[Tarantool-patches] [PATCH v3 07/12] box: introduce `box.ctl.demote`

Vladislav Shpilevoy v.shpilevoy at tarantool.org
Sun Jul 4 15:27:19 MSK 2021


Thanks for working on this!

See 11 comments below.

1. On this commit a lot of tests fail. Why?

2. On top of this commit and on top of the branch too I tried to
promote a candidate and got a strange error in the logs, although
the promotion was successful:

--
-- Instance 1
--

-- Step 1
box.cfg{
    listen = 3313,
    election_mode = 'candidate',
    replication_synchro_quorum = 2,
    replication = {'localhost:3314', 'localhost:3313'}
}
box.schema.user.grant('guest', 'super')


--
-- Instance 2
--

-- Step 2
box.cfg{
    listen = 3314,
    election_mode = 'voter',
    replication_synchro_quorum = 2,
    replication = {'localhost:3314', 'localhost:3313'},
    read_only = true,
}

-- Step 3
box.cfg{read_only = false, election_mode = 'candidate'}

-- Step 4
box.ctl.promote()

main/112/raft_worker box.cc:1538 E> ER_UNSUPPORTED: box.ctl.promote does not support simultaneous invocations
---
...


3. On top of the branch I tried demote on a leader with election mode
candidate 2 times. Demote didn't do anything on the second invocation.
The test:

--
-- Instance 1
--

-- Step 1
box.cfg{
    listen = 3313,
    election_mode = 'candidate',
    replication_synchro_quorum = 2,
    replication = {'localhost:3314', 'localhost:3313'}
}
box.schema.user.grant('guest', 'super')

-- Step 3
-- I demote self but become leader again because I am a
-- candidate. This is fine.
box.ctl.demote()

-- Step 4
tarantool> box.info.election
---
- state: leader
  vote: 1
  leader: 1
  term: 3
...

-- Step 5
-- But now I try to demote again and nothing happens.
-- I expected the same behaviour - bump term and become
-- a leader again.
tarantool> box.ctl.demote()
---
...

tarantool> box.info.election
---
- state: leader
  vote: 1
  leader: 1
  term: 3 <- the term is the same, so demote didn't do anything.
...

--
-- Instance 2
--

-- Step 2
box.cfg{
    listen = 3314,
    election_mode = 'voter',
    replication_synchro_quorum = 2,
    replication = {'localhost:3314', 'localhost:3313'},
    read_only = true,
}


4. I tried switching between candidate and manual, trying promote/demote
in different combinations and got promote not doing anything.
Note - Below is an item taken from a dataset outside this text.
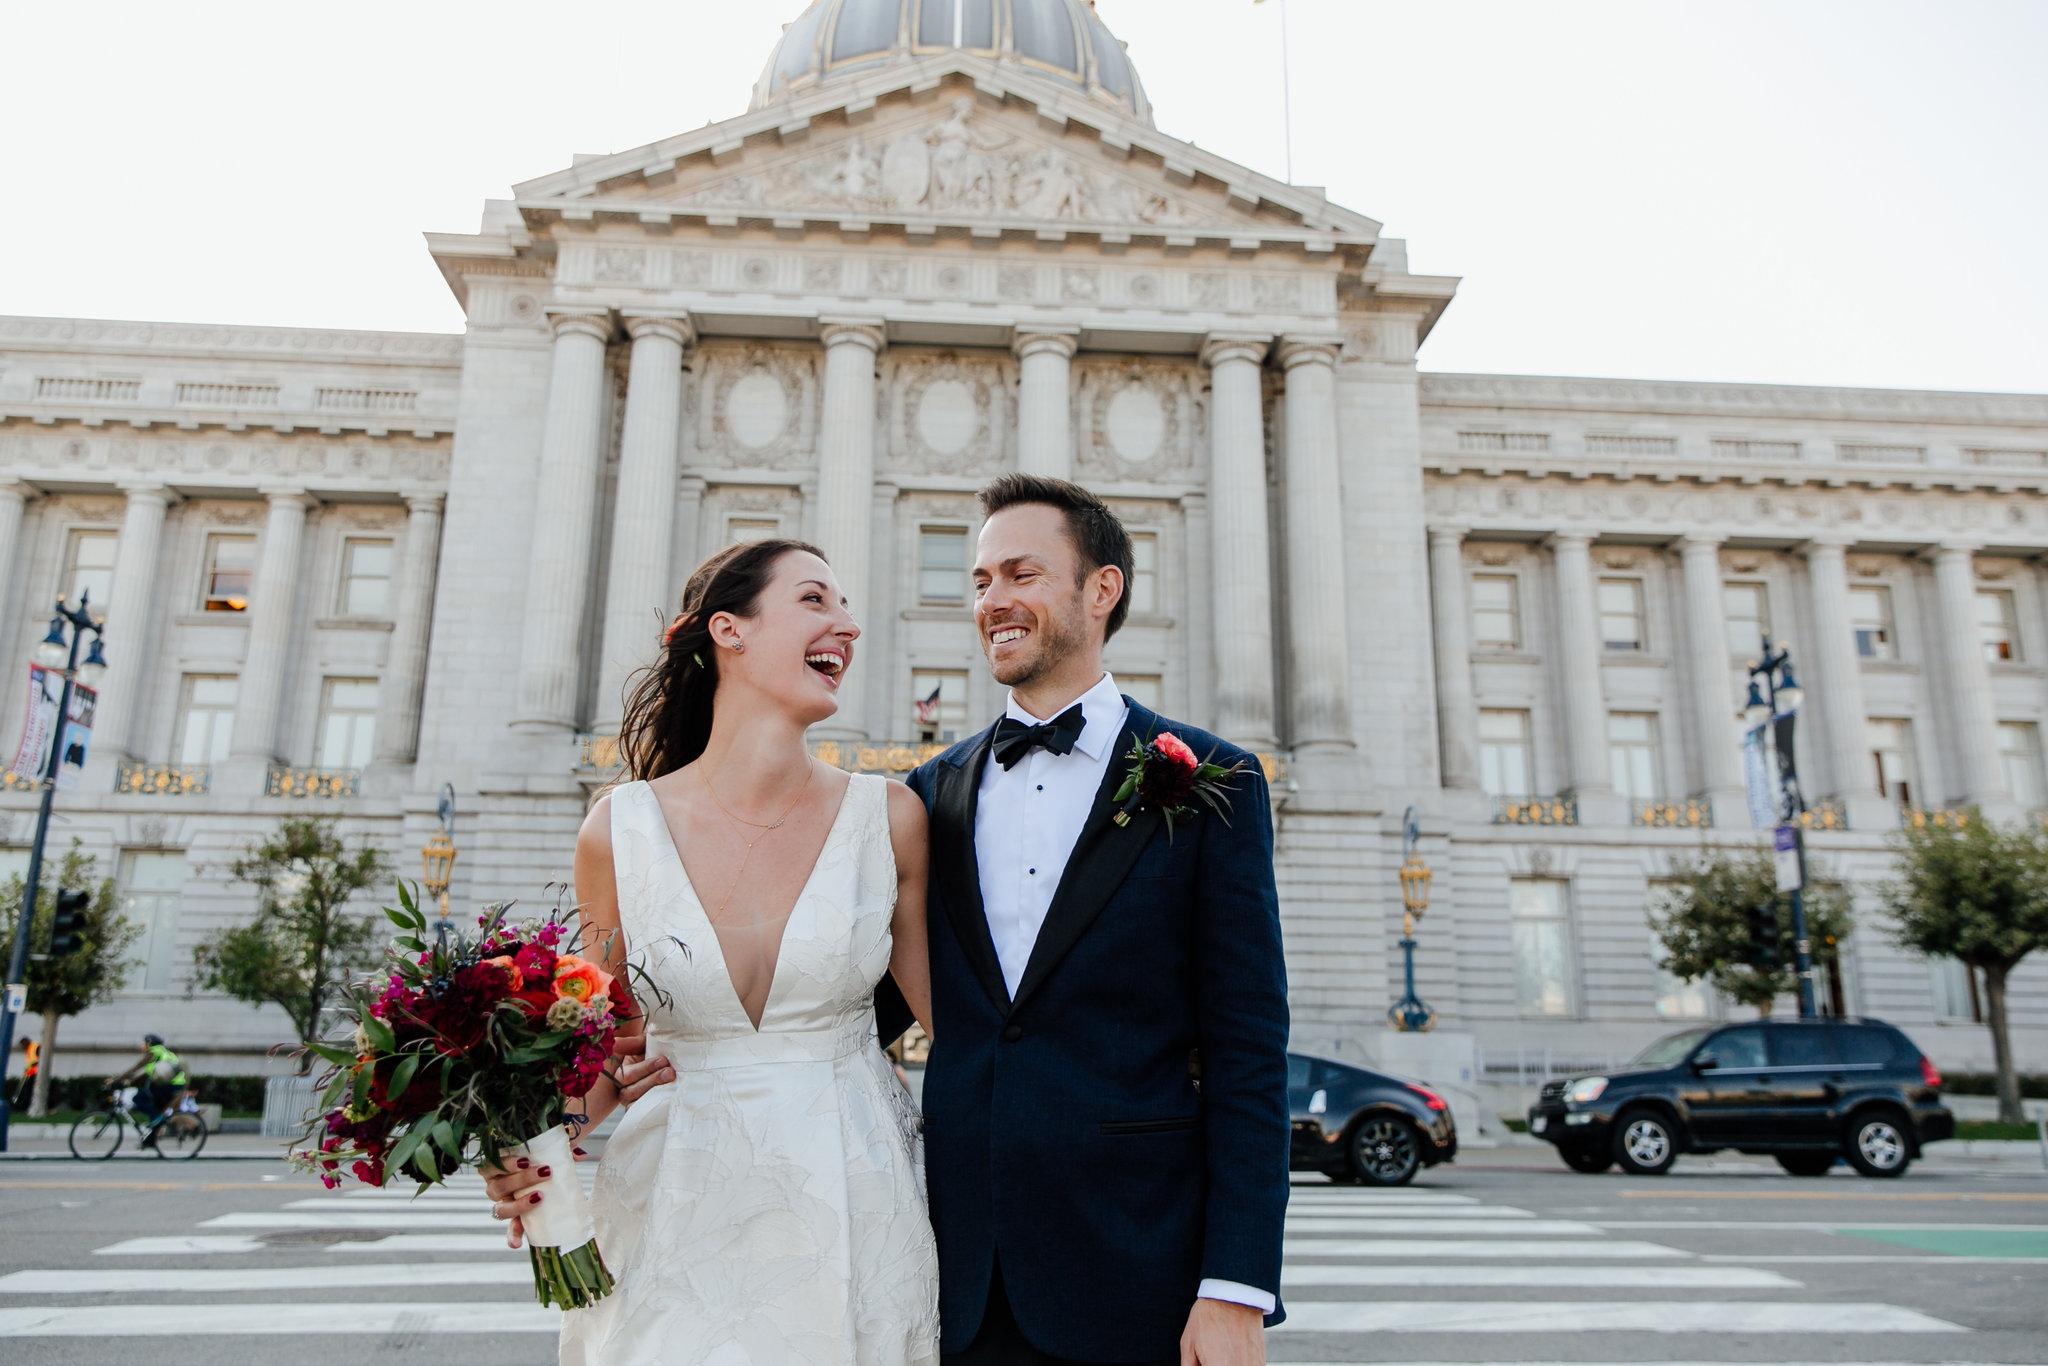 Laid back city hall wedding

The test
is the same as above but steps >= 3 are different:

tarantool> box.ctl.demote()
2021-07-04 14:22:49.550 [588] main/103/interactive I> RAFT: bump term to 3, follow
2021-07-04 14:22:49.550 [588] main/113/raft_worker I> RAFT: persisted state {term: 3}
2021-07-04 14:22:49.550 [588] main/113/raft_worker I> RAFT: vote for 1, follow
2021-07-04 14:22:49.551 [588] main/113/raft_worker I> RAFT: persisted state {term: 3, vote: 1}
2021-07-04 14:22:49.551 [588] main/113/raft_worker I> RAFT: enter candidate state with 1 self vote
---
...

tarantool> 2021-07-04 14:22:49.552 [588] main/110/applier/localhost:3314 I> RAFT: message {term: 3, state: follower} from 2
2021-07-04 14:22:49.552 [588] main/110/applier/localhost:3314 I> RAFT: message {term: 3, vote: 1, state: follower} from 2
2021-07-04 14:22:49.552 [588] main/110/applier/localhost:3314 I> RAFT: enter leader state with quorum 2
2021-07-04 14:22:49.552 [588] main/110/applier/localhost:3314 I> RAFT: message {term: 3, vote: 1, state: follower} from 2
2021-07-04 14:22:49.552 [588] main/110/applier/localhost:3314 I> RAFT: vote request is skipped - the leader is already known - 1
2021-07-04 14:22:49.553 [588] relay/[::1]:54006/101/main I> recover from `./00000000000000000000.xlog'

---
...

tarantool> box.cfg{election_mode='manual'}
2021-07-04 14:22:55.391 [588] main/103/interactive I> set 'election_mode' configuration option to "manual"
---
...

tarantool> box.info.election
---
- state: follower
  vote: 1
  leader: 0
  term: 3
...

tarantool> box.ctl.promote()
---
...

tarantool> box.info.election
---
- state: follower
  vote: 1
  leader: 0
  term: 3
...

As you can see, the last promote() didn't do anything. The node
stayed a follower, and no errors were raised.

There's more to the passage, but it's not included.